Tormentone Ma almeno in politica risparmiateci le vuvuzelas

Lo sapevamo che sarebbe finita così. Non ci siamo neanche illusi di un barlume di serietà. La politica italiana non si lascia mai sfuggire le boiate partorite dallo sport. Il popporoppoppopò del 2006, le magliette indossate in Aula: se c’è qualcosa di becero nell’aria, sicuri che il Palazzo lo attira. E qual è il fenomeno da baraccone odierno? Le vuvuzelas. Logico dunque che le insostenibili trombette spuntassero come funghi alle feste di partito. È accaduto a Roma, nella platea del Pd. Pure i leghisti le hanno adottate, in barba al fatto che sono aggeggi da (finti ) vu’ cumprà. È una demenza bipartisan: tutti a soffiare in questi affari che già ci tartassano l’anima dalla tv, quando per 90 minuti più recupero pare di avere un nido di vespe sotto il divano. Ok, tra maggioranza e opposizione è ormai un derby tra hooligans, però a tutto c’è un limite. Fate un ddl, una legge costituzionale a maggioranza qualificata, ma tenete le vuvuzelas fuori dalla politica.
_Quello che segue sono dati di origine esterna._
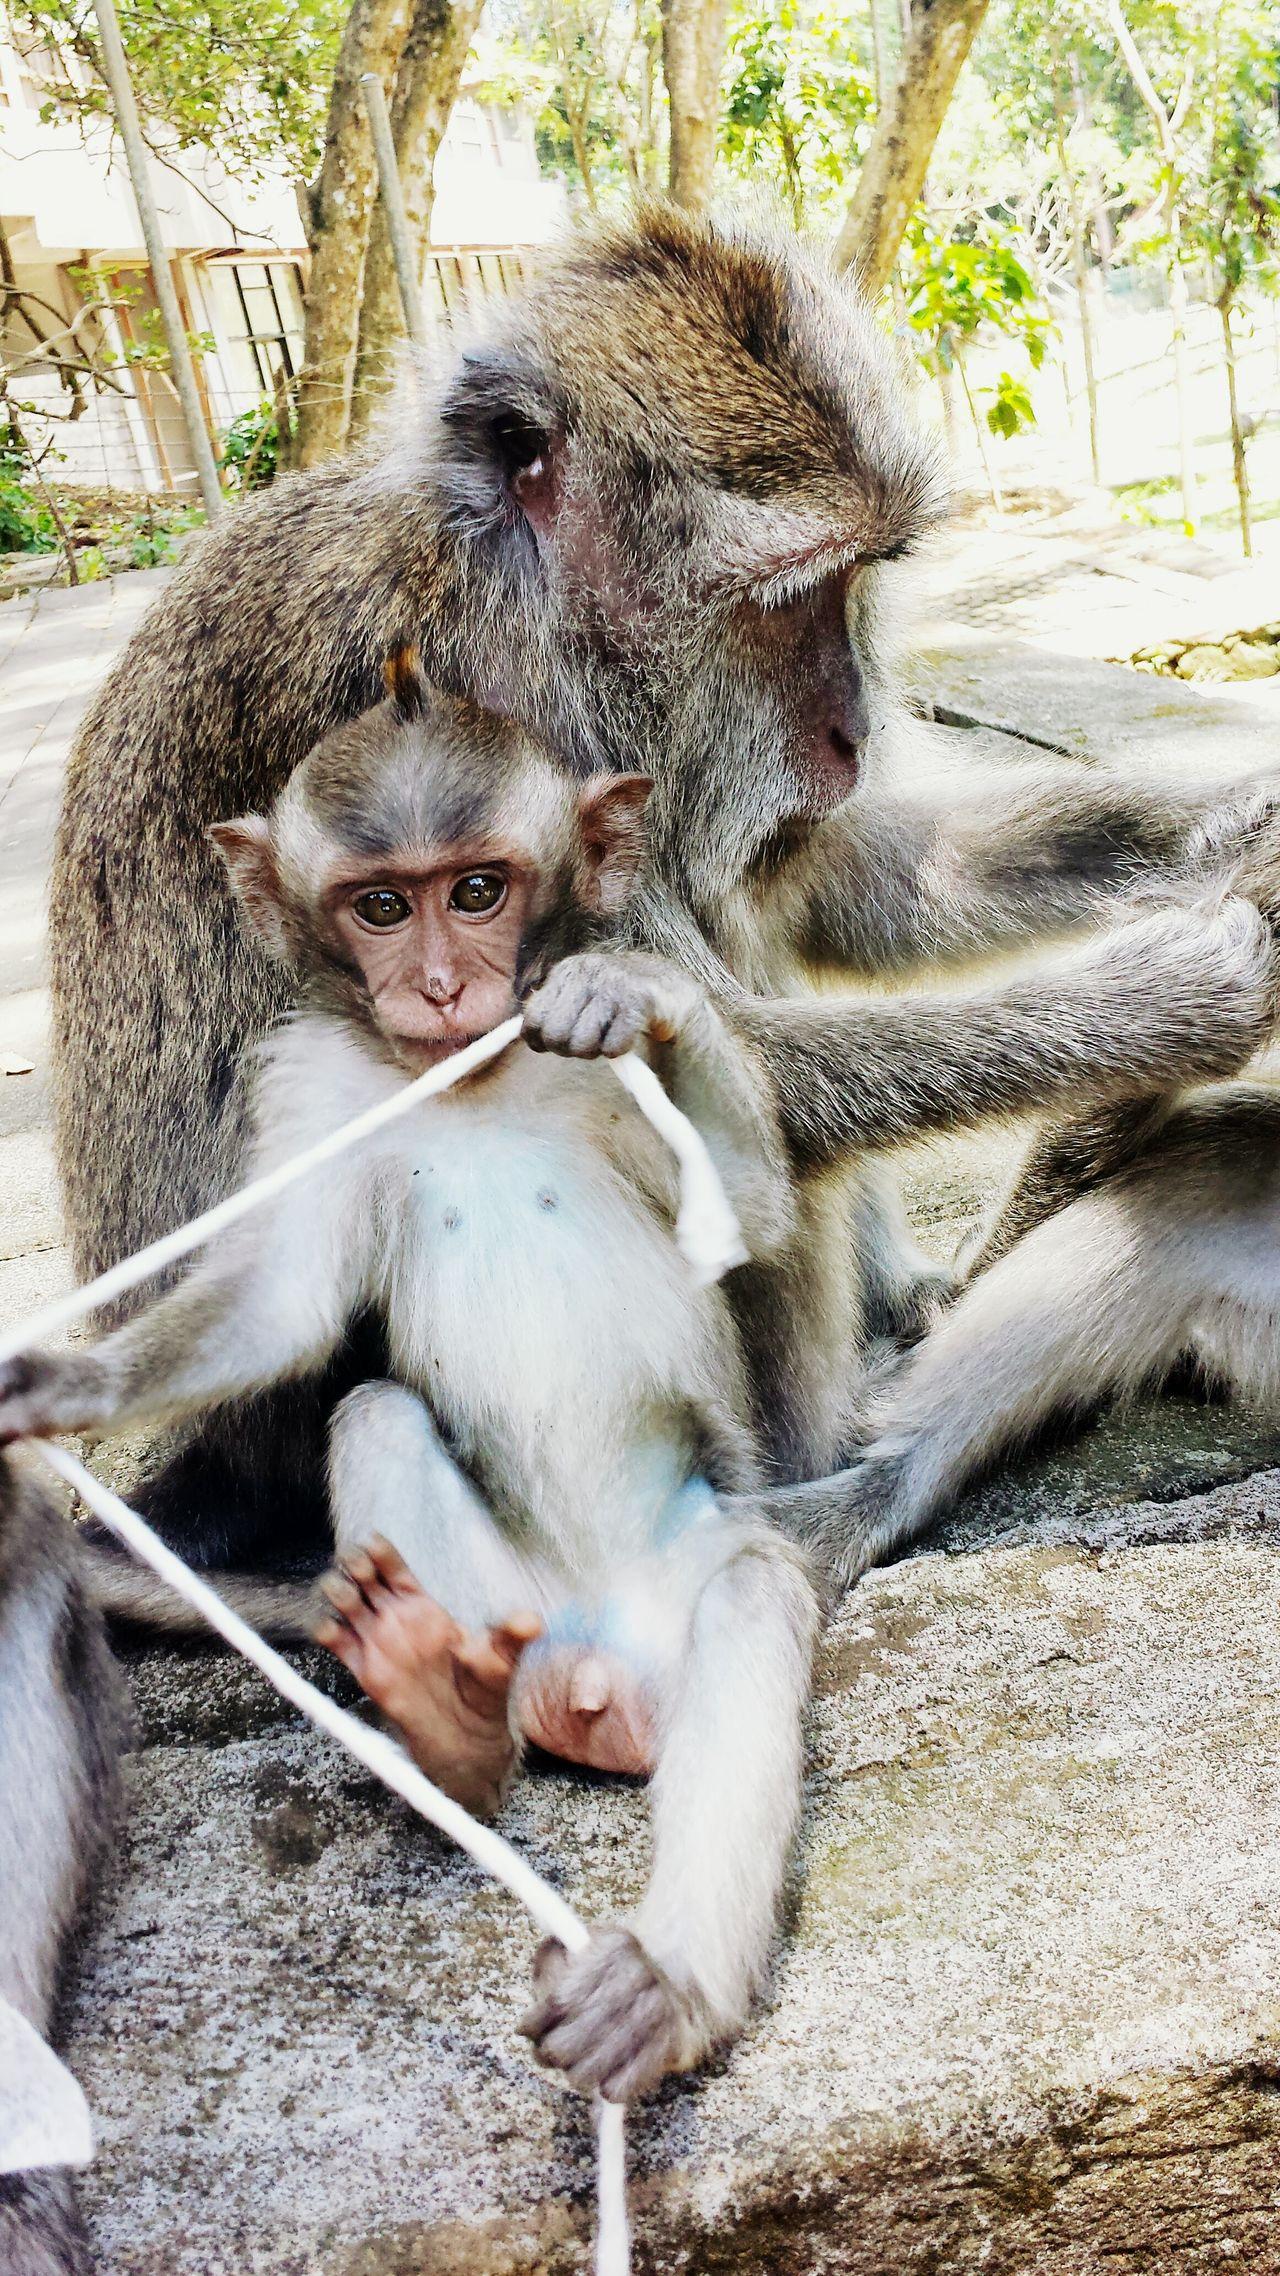 Bali, Indonesia Monkeys Monkey Forest Ubud Animal Travelphotography Wildlife & Nature Affen Monkey Ape Affe Bali Tier Animals Animals In The Wild Monkey Family Baby Monkey Monkey Playing Affenbaby
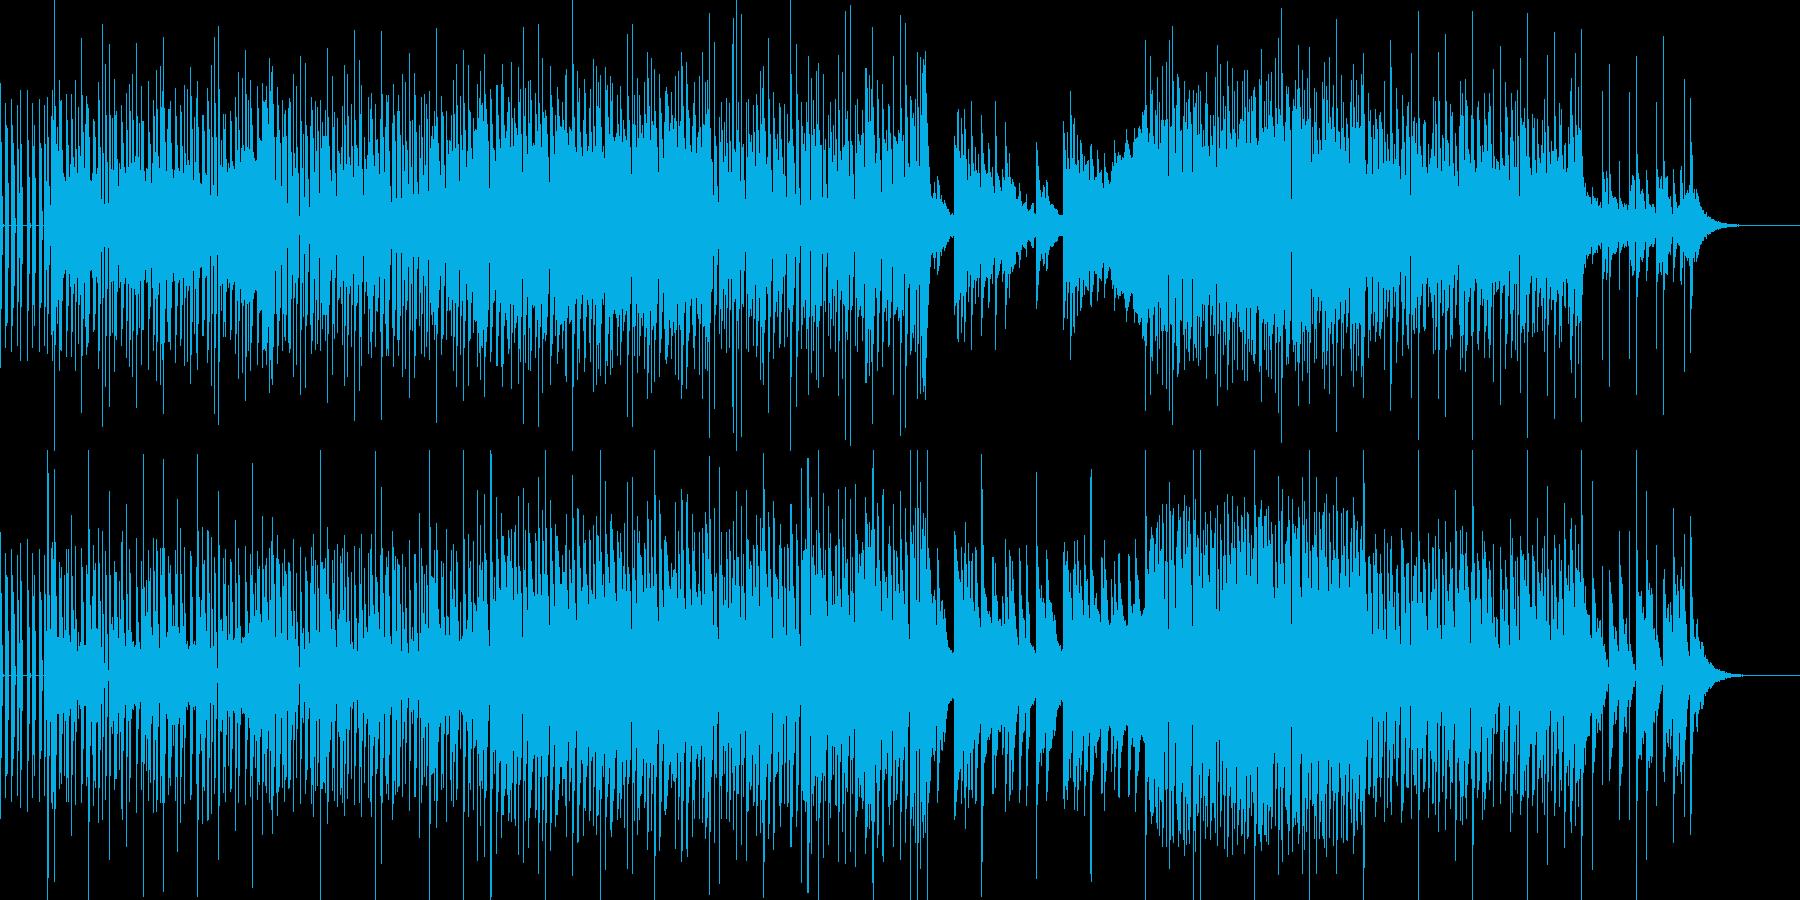 清々しく切なく健気な雰囲気の曲の再生済みの波形

È questione di tempo e dai sostenitori passeranno in mano ai deputati: a Veltroni ricorderanno l’amata Africa, Di Pietro le userà in chiave anti-Cav, e - se a Berlusconi piaceranno - a Fini daranno fastidio e viceversa. Finirà che sostituiranno il campanello dei presidenti di Camera e Senato: 144 decibel di omologazione del ridicolo. Fermatevi, bimbi: non costringete il maestro Napolitano a ritirarvele.